» Exercise:
Your copy should hold only the lines from the one with "CONDITION is Very" to the one with "Slip on heels", both included, each exactly as it stands below, with no pictures.

» Information:
—————
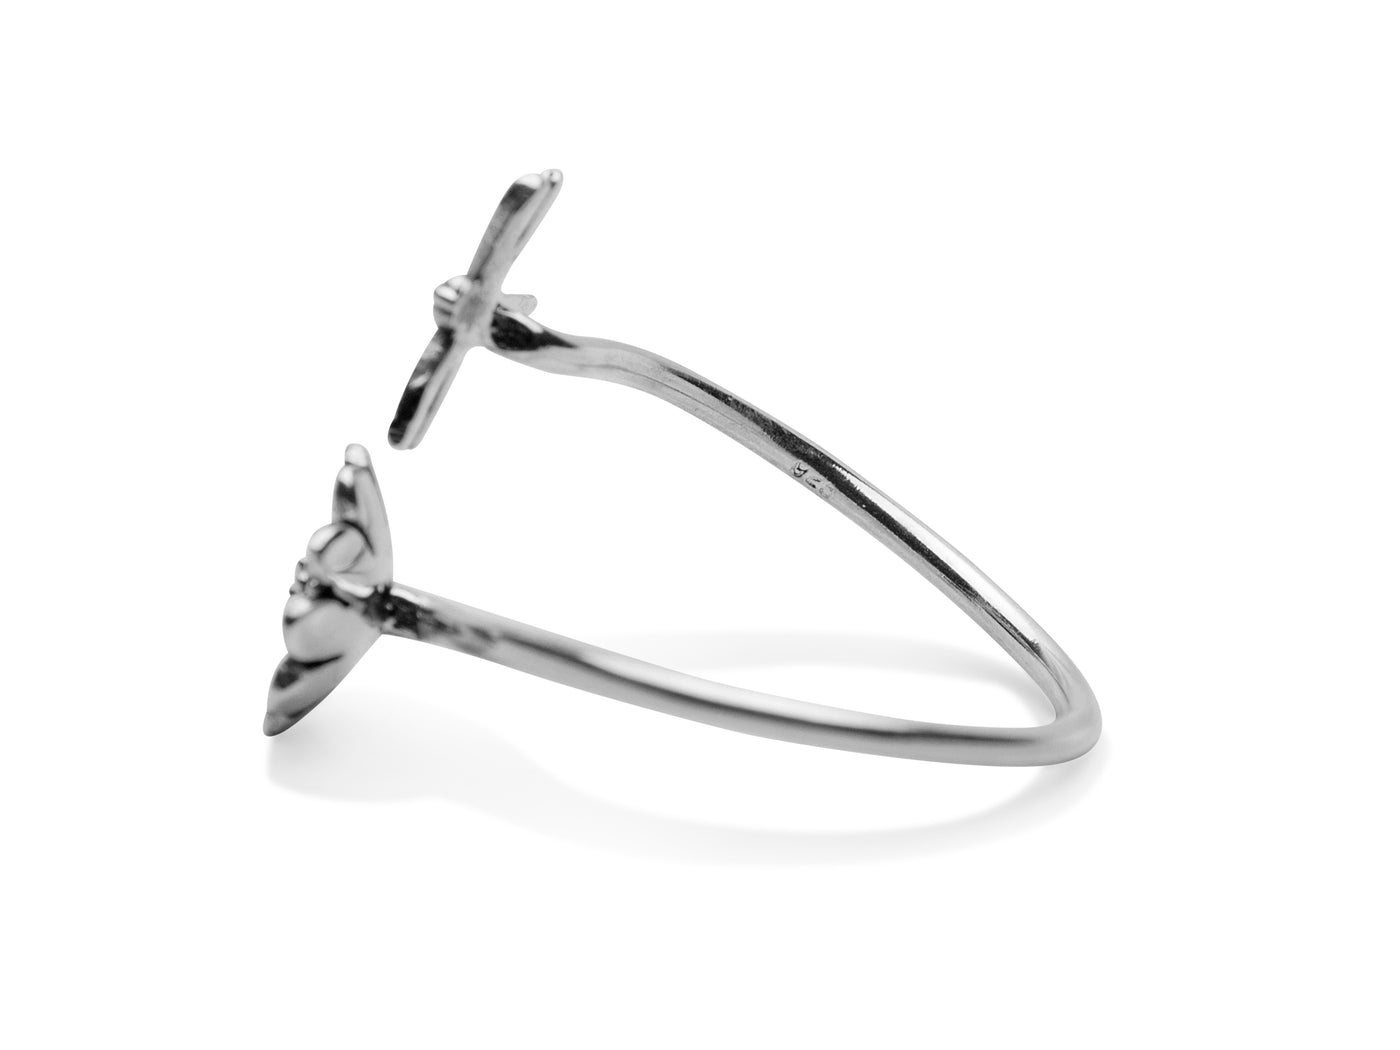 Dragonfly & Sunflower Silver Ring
—————
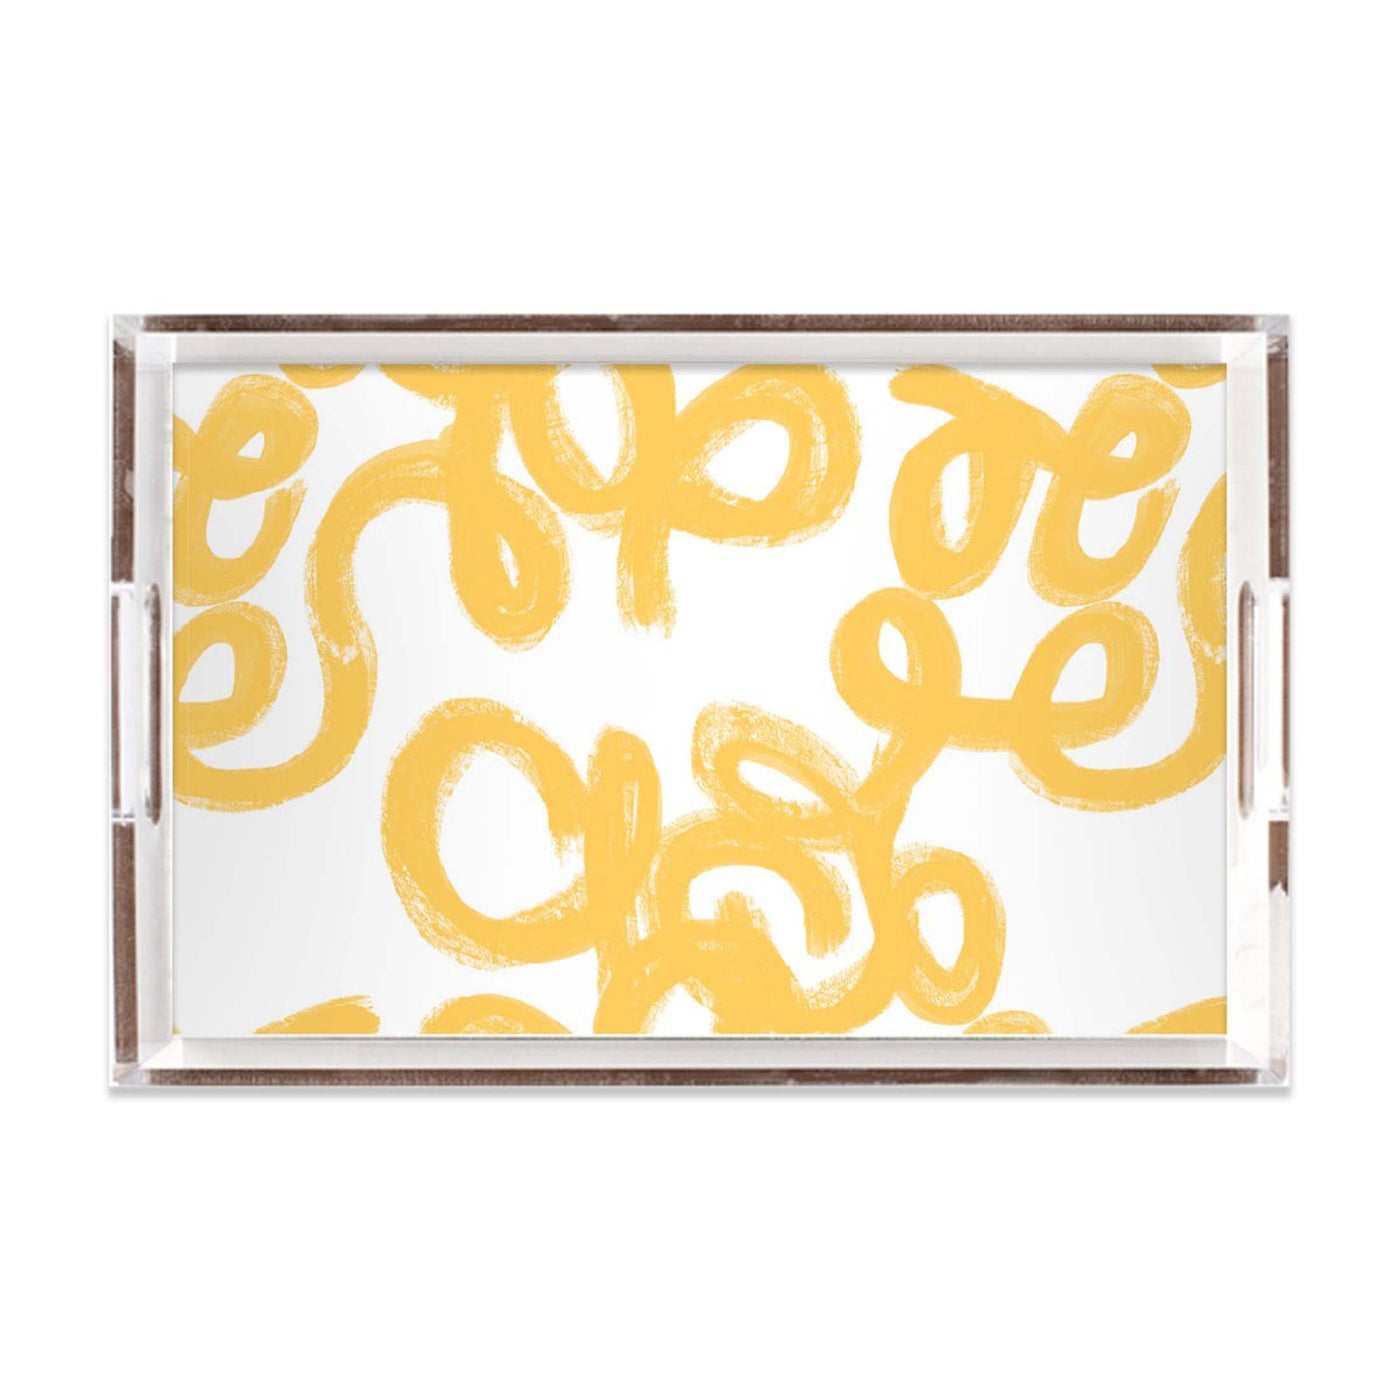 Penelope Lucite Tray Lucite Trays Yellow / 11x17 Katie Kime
—————
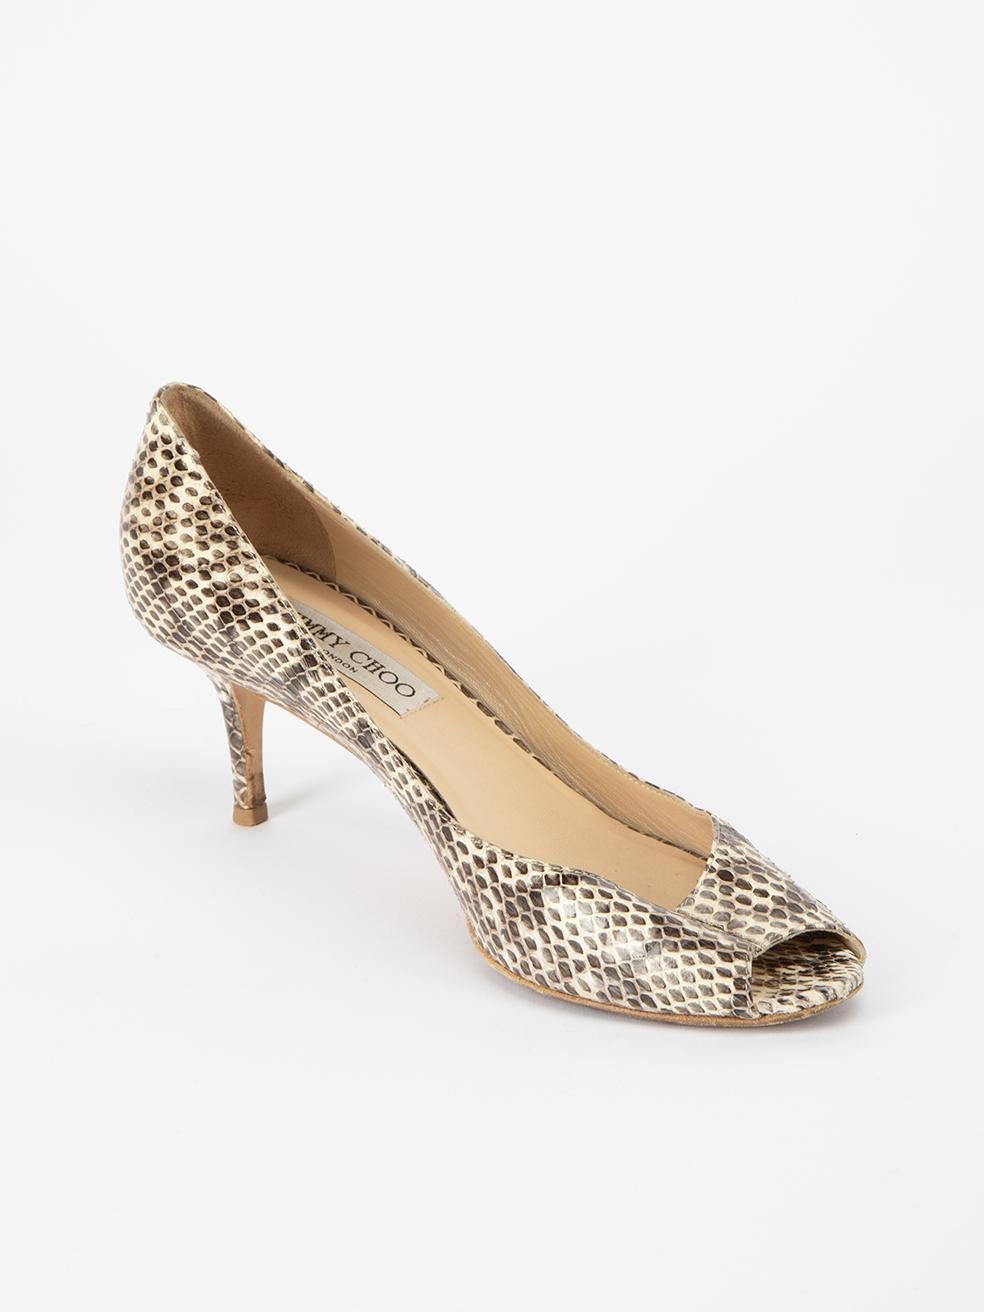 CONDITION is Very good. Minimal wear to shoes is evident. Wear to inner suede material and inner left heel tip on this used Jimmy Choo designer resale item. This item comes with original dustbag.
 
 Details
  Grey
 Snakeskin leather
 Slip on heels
—————
» Solution for this exercise:
 CONDITION is Very good. Minimal wear to shoes is evident. Wear to inner suede material and inner left heel tip on this used Jimmy Choo designer resale item. This item comes with original dustbag.
 
 Details
  Grey
 Snakeskin leather
 Slip on heels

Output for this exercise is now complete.